Le problème du pouvoir d'achat des fonctionnaires et des agents de l’Etat est en fait le même que celui des salariés du secteur privé. Comme le rappelle régulièrement le centre de recherche et des coûts (CERC), une forte impression de régression du pouvoir d’achat prédomine depuis de nombreuses années chez tous les salariés car la faible hausse du salaire net moyen est largement inférieure à la perte nette due à l’inflation.

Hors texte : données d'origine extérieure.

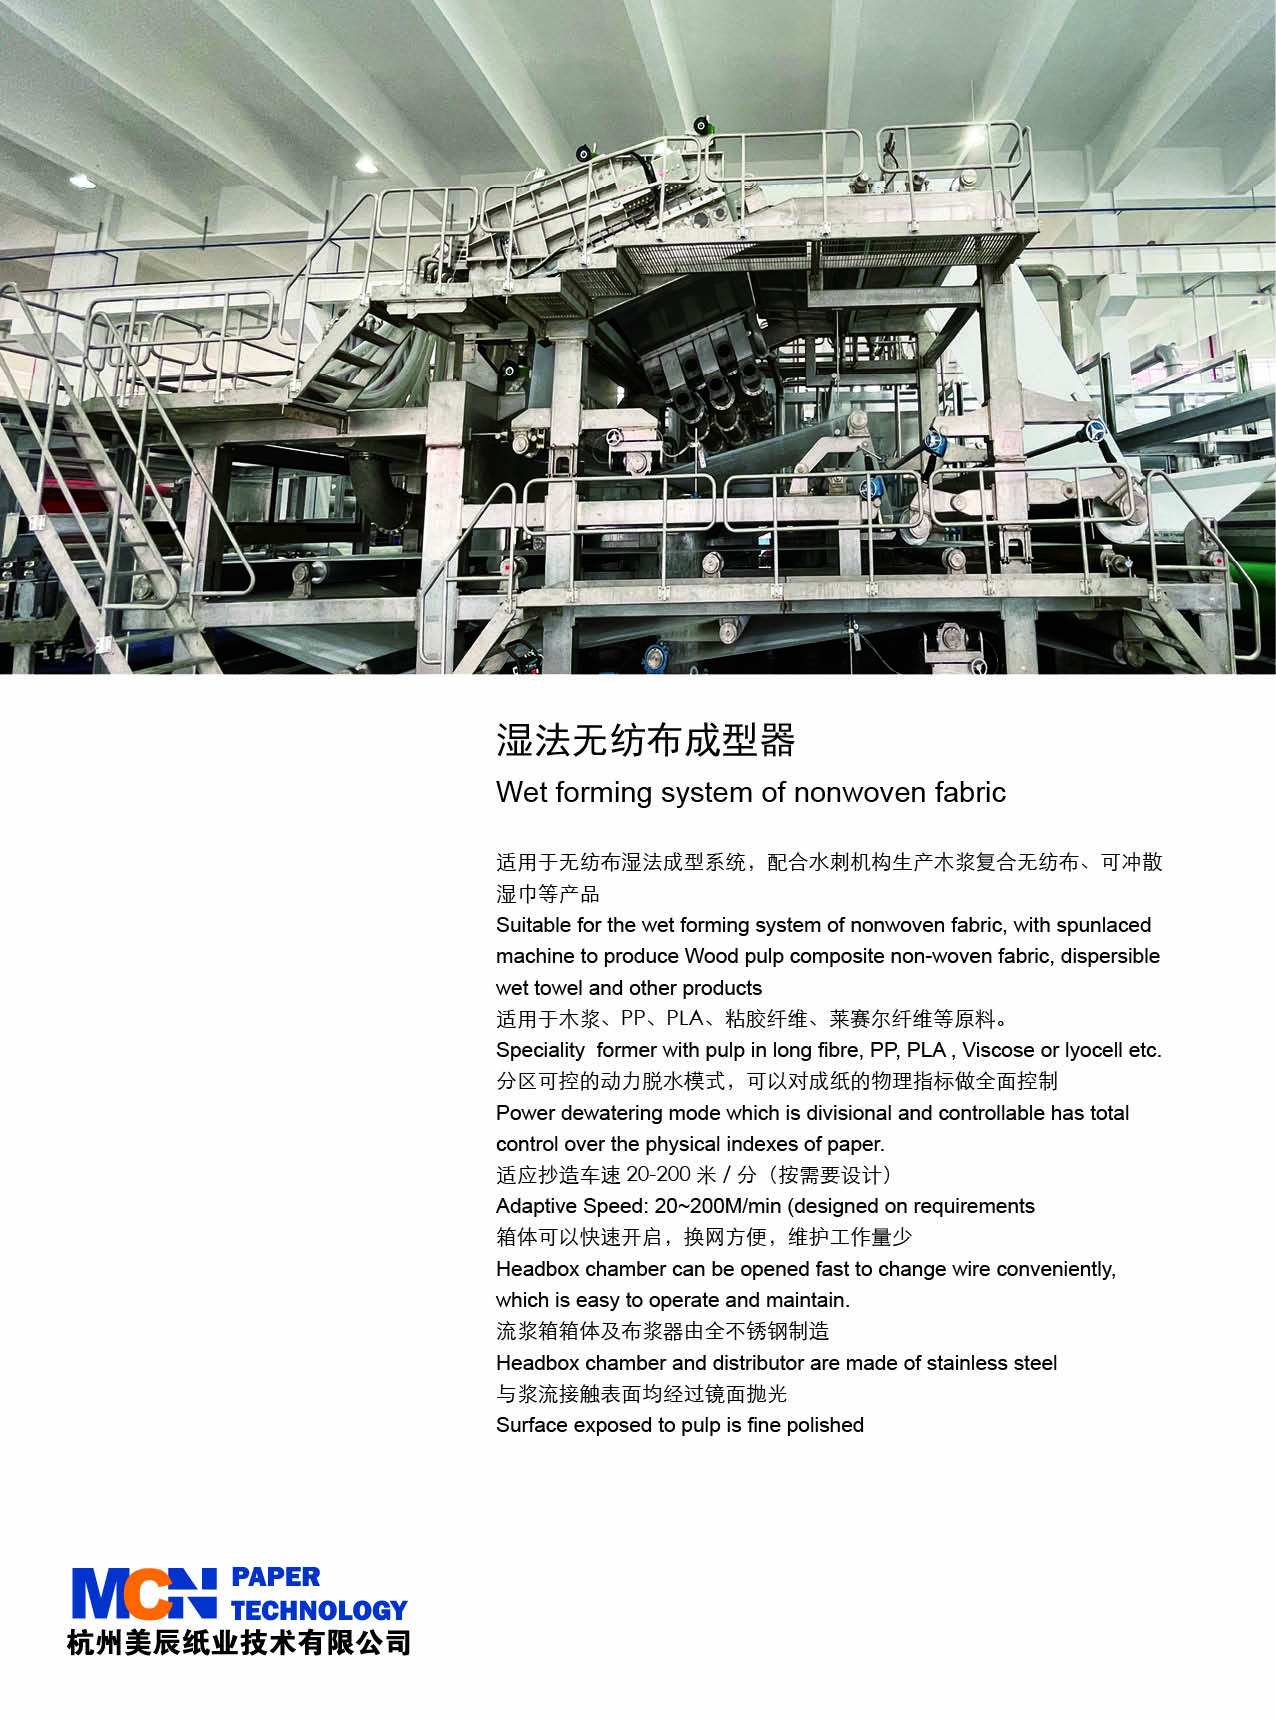 Wet forming system of nonwoven fabric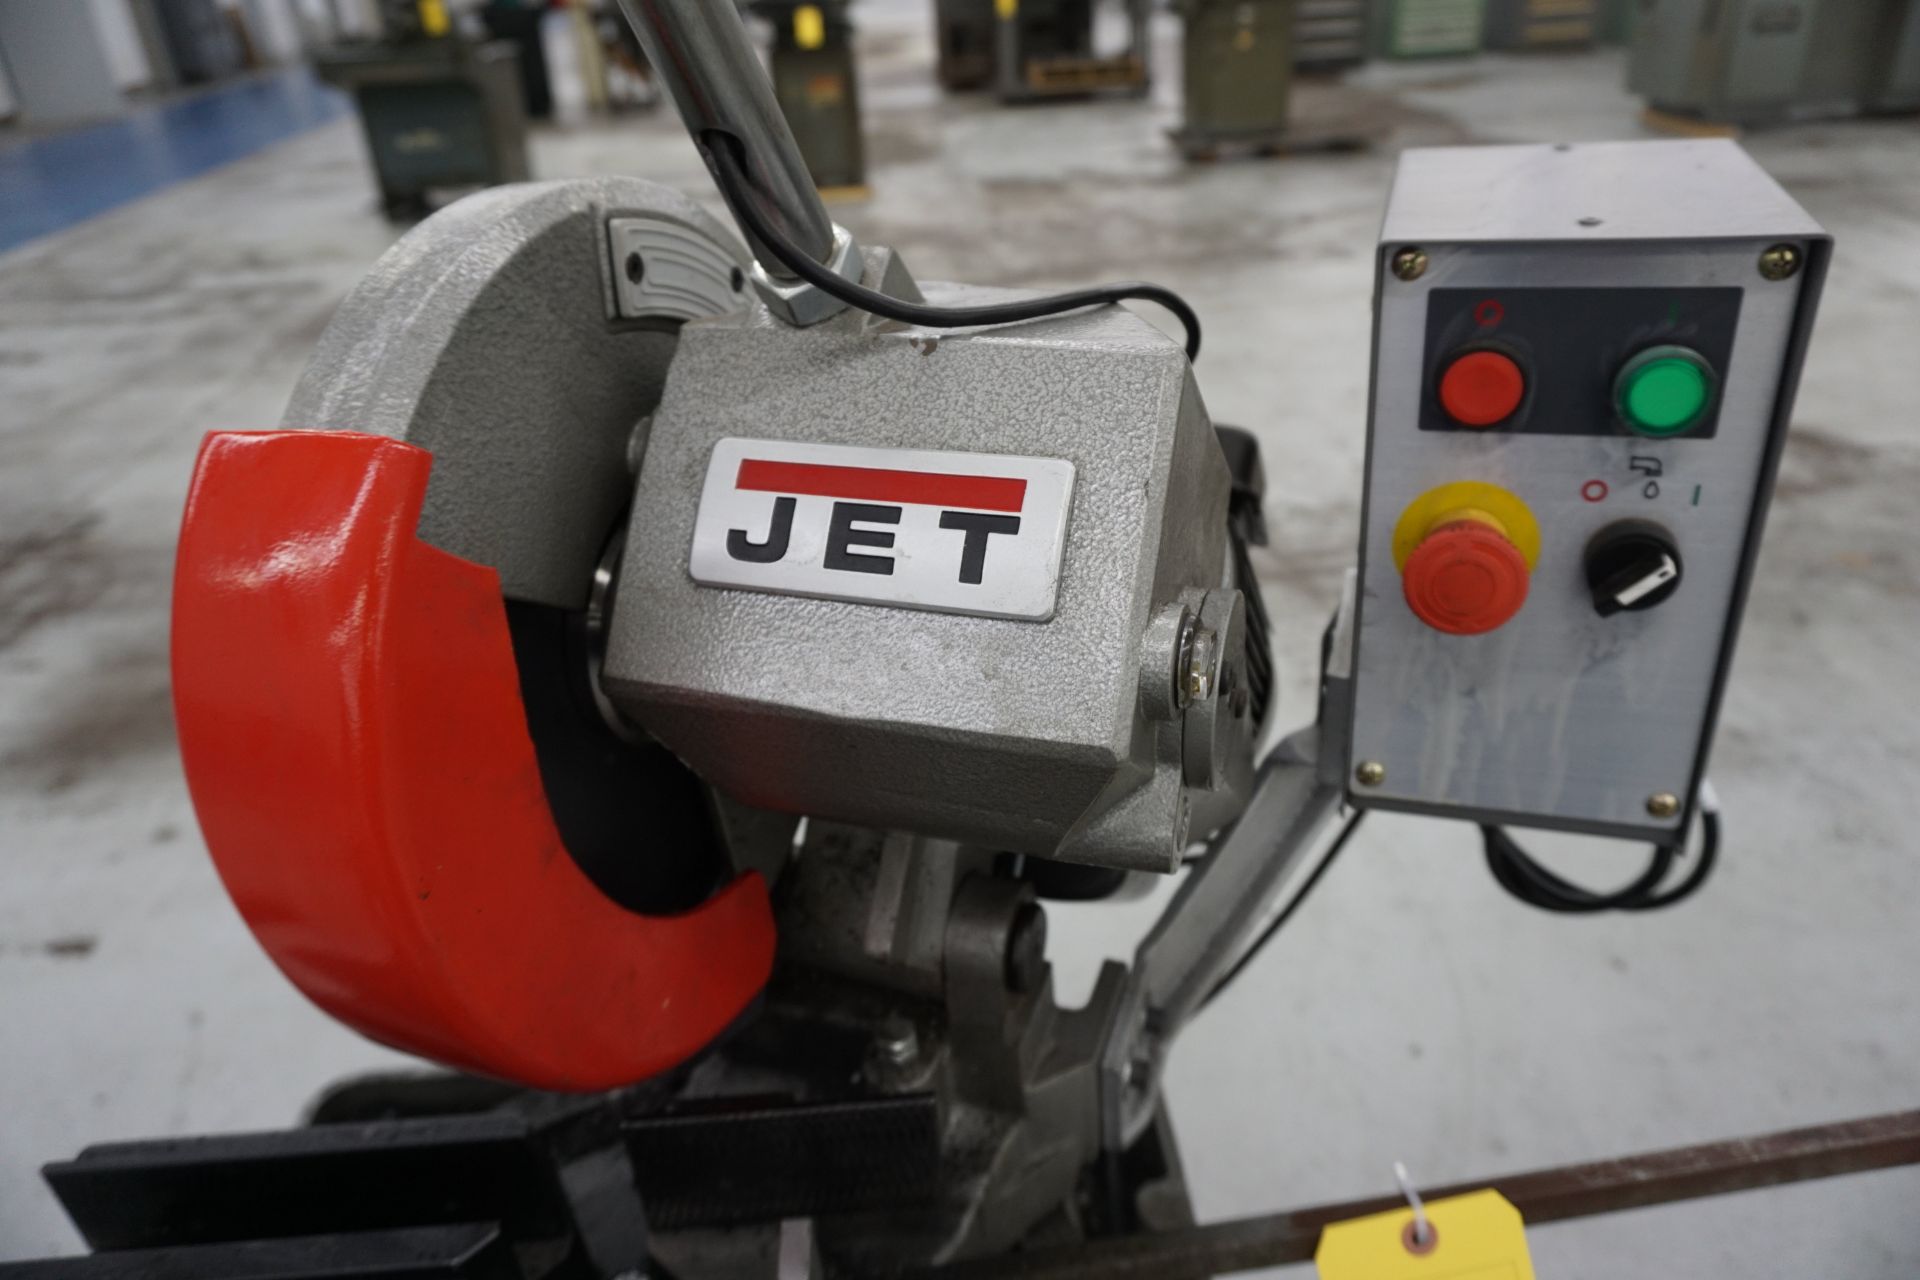 JET 275MM MANUAL FERROUS COLD SAW, MDL: CS275-1 - Image 2 of 6

Cette régression vient de loin. C’est en effet en 1982 que François Mitterrand et son ministre de l'Economie et des Finances, Jacques Delors, ont entamé le tournant de la rigueur en supprimant l’échelle mobile des salaires qui protégeait jusqu'alors le pouvoir d'achat des salariés. Ce fut un coup fatal particulièrement dramatique pour 40% d’entre eux déjà victimes du chômage total ou partiel, du temps de travail partiel subi, d’un déménagement pour cause professionnelle, etc. A cette époque, voulant lutter contre l’inflation, le gouvernement bloqua dans la Fonction publique les salaires qui avaient suivi jusqu’ici l’évolution des prix. Il incita ensuite les employeurs du secteur privé à agir de même, en les invitant à faire évoluer les salaires en fonction du taux d’inflation « prévu » par le gouvernement.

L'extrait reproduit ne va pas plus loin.